Statistics with Fisher formalism : loss or gain of information with data cross-correlations

98 Views Asked by At

I am currently working on Fisher's formalism which is part of a more general theory, that of information. My problem applies to estimating cosmological parameters from input data with the Fisher formalism and recipes to build a Fisher matrix. The context is Astrophysics but it can apply to many subjects.

As it is more statistics than Astrophysics, I posted here on the stack mathematics forum.

Here is a summary: the input data is 4 columns of data, the first representing the redshift of the galaxies (i.e their distance) and then the other 3 each corresponding to the bias (by definition, this is the linear factor between local densiy of matter and global density matter into Universe) to the uncertainty about their position) of a given galaxy type: there are therefore 3 types of given galaxies and one value per redshift (8 redshifts in all). So I have a table of 8x3 values of bias.

1) First part : Now, I'm trying to cross data to try to extract additional information because for example, for the first type of galaxy, I have only the first 2 biases that are non-zero (I mean for First 2 redshifts), and for the third type, I have 6 different values ​​of 0 for the 6 redshifts above the 2 previous ones.

Here the file of biases for the 3 populations (b1,b2,b3) as a function of redshift (first column) :

# z                    b1                b2              b3  
1.7500000000e-01 1.1133849956e+00 0.0000000000e+00 0.0000000000e+00
4.2500000000e-01 1.7983127401e+00 0.0000000000e+00 0.0000000000e+00
6.5000000000e-01 0.0000000000e+00 1.4469899900e+00 7.1498329000e-01
8.5000000000e-01 0.0000000000e+00 1.4194157200e+00 7.0135835000e-01
1.0500000000e+00 0.0000000000e+00 1.4006739400e+00 6.9209771000e-01
1.2500000000e+00 0.0000000000e+00 0.0000000000e+00 6.8562140000e-01
1.4500000000e+00 0.0000000000e+00 0.0000000000e+00 6.8097541000e-01
1.6500000000e+00 0.0000000000e+00 0.0000000000e+00 6.7756594000e-01

My teacher suggested to me to merge the first column (corresponding to the first type of galaxy) with the third one (corresponding to the third type of population of galaxies), so as to obtain a single vector with only values ​​for the non-zero bias). This way, I simulate a "single population" processing.

From a statistical point of view, will there be a loss or a gain of information if I do this fusion of the 2 columns ? The problem seems rather complex because everything depends on the value of the data.

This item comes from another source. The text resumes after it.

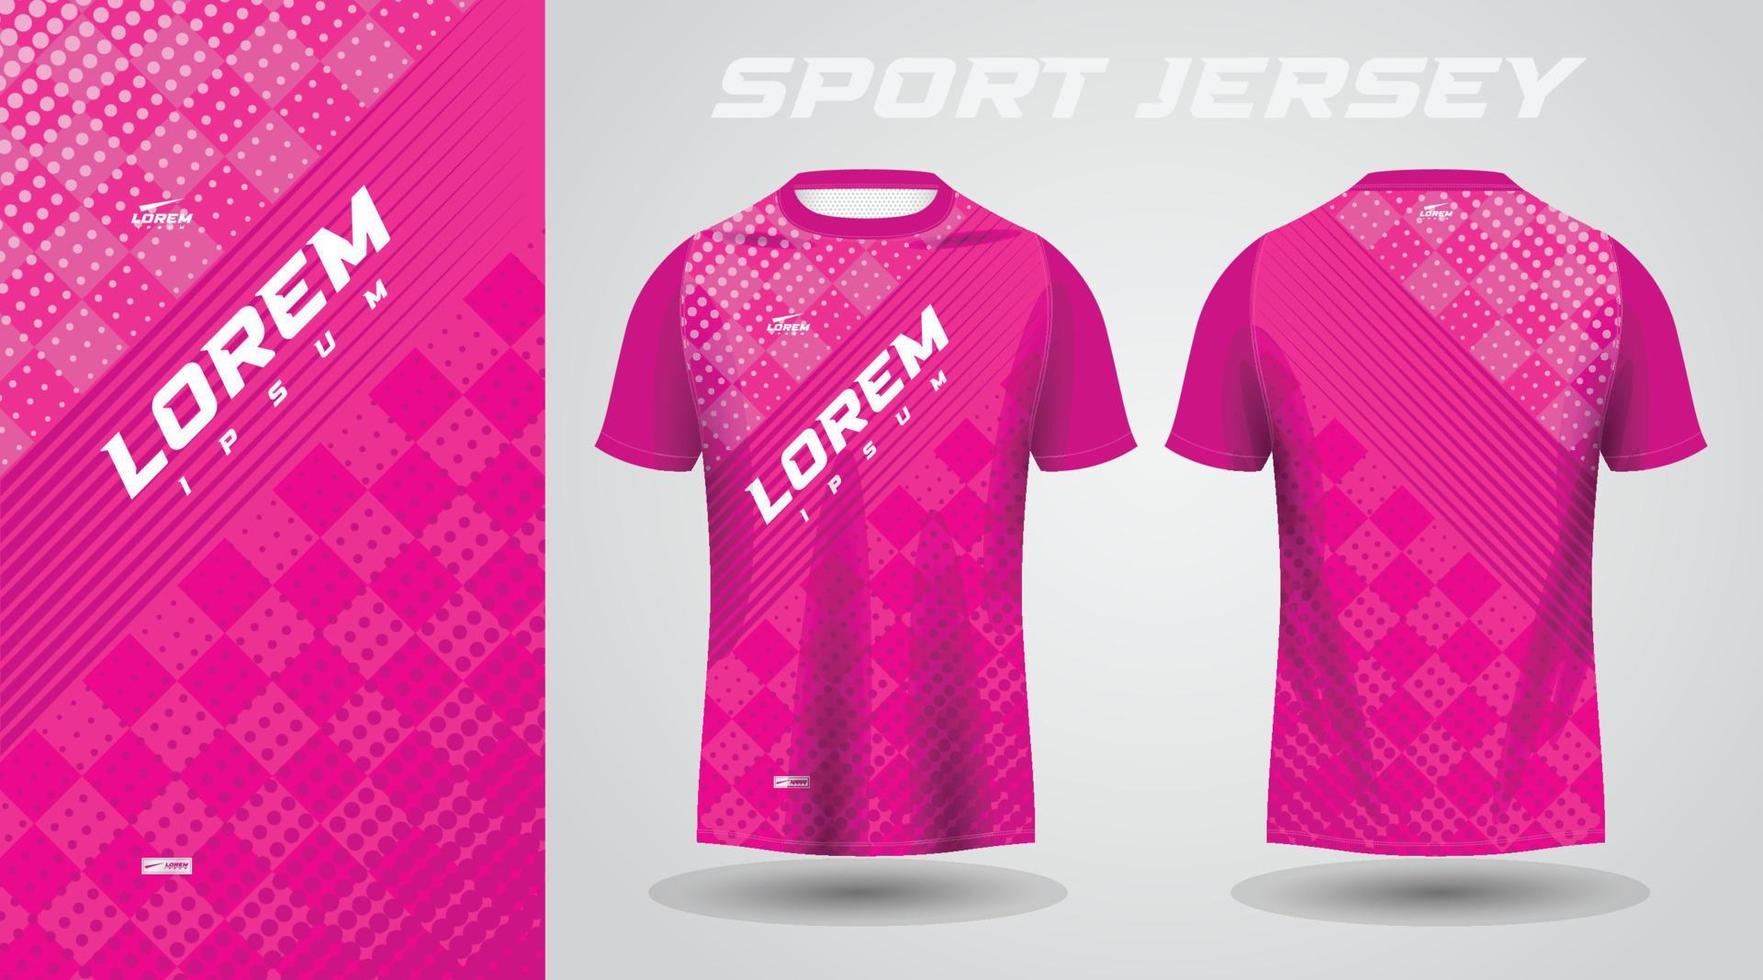 rosa skjorta fotboll fotboll sport jersey mall design attrapp vektor

2) Second part : Another point of view suggested by my teacher: if I take a sample and I cut it in 2 parts, if I cross-correlate data between the 2 subsets obtained, will I win or lose information from a statisticl point of view, i.e at the level of the accuracy of parameters that I will extract from the cross-correlation between the 2 subsets. (in my case, i.e galaxies biaises and Fisher formalism, I mean the constraints that I get after having built my Fisher matrix and invert it) ?

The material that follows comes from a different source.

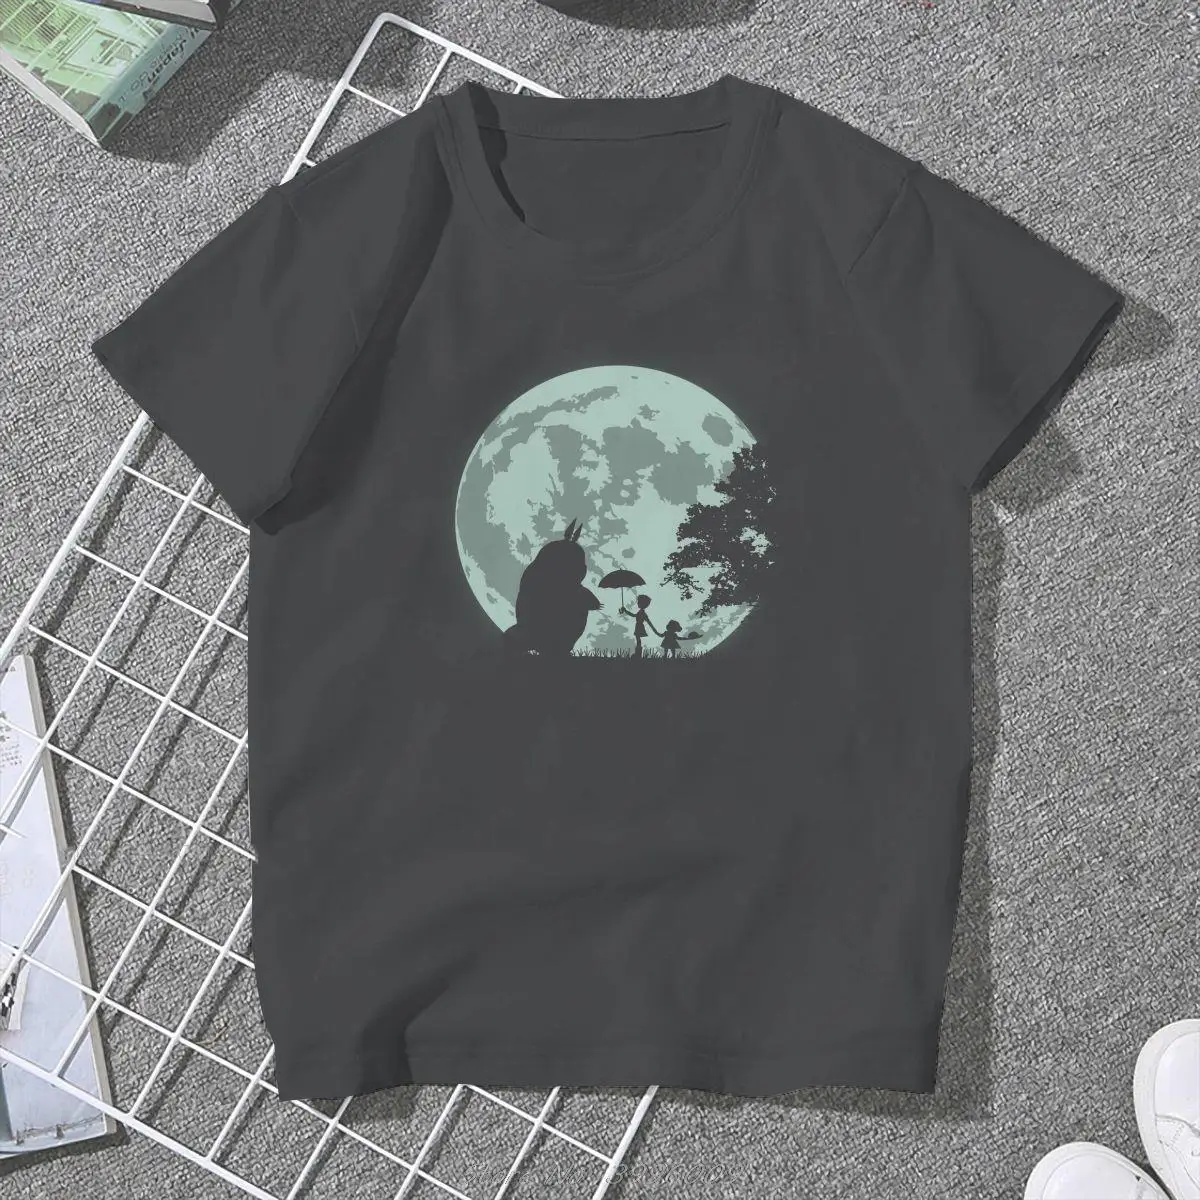 

Женская одежда Moon, футболки с графическим рисунком в стиле м/ф «Мой сосед Тоторо», винтажные альтернативные свободные топы, футболка, улична...

He thinks that at first sight, I can not lose information (which seems intuitive because cutting a sample in 2 is not a loss of info per se) but he says that everything depends on whether I know or not precisely the ratio of the biases between the 2 subsamples : I did not quite understand this notion of ratio between theses 2 biases of subsets.

I am therefore looking for information on this problem, maybe on this forum, statisticians will be able to help me in this technique of cross-correlations and the fact of knowing or not if one gains or one loses some information by bringing together several sources of information.

I think that the gain or the loss of info will be a function of the redundancy of the data (we speak of entropy of Shannon I think, don't we ?).

3) Third part : I could also cross data between overlapped data for 2 columns of data (2 values ​​for each redshift) but here I think it's another problem from a statistical point of view: by the way, I'm talking about at the beginning of data crossing with the merging of 2 vectors but the "cross-correlation" is rather defined in the case of overlapped values, right?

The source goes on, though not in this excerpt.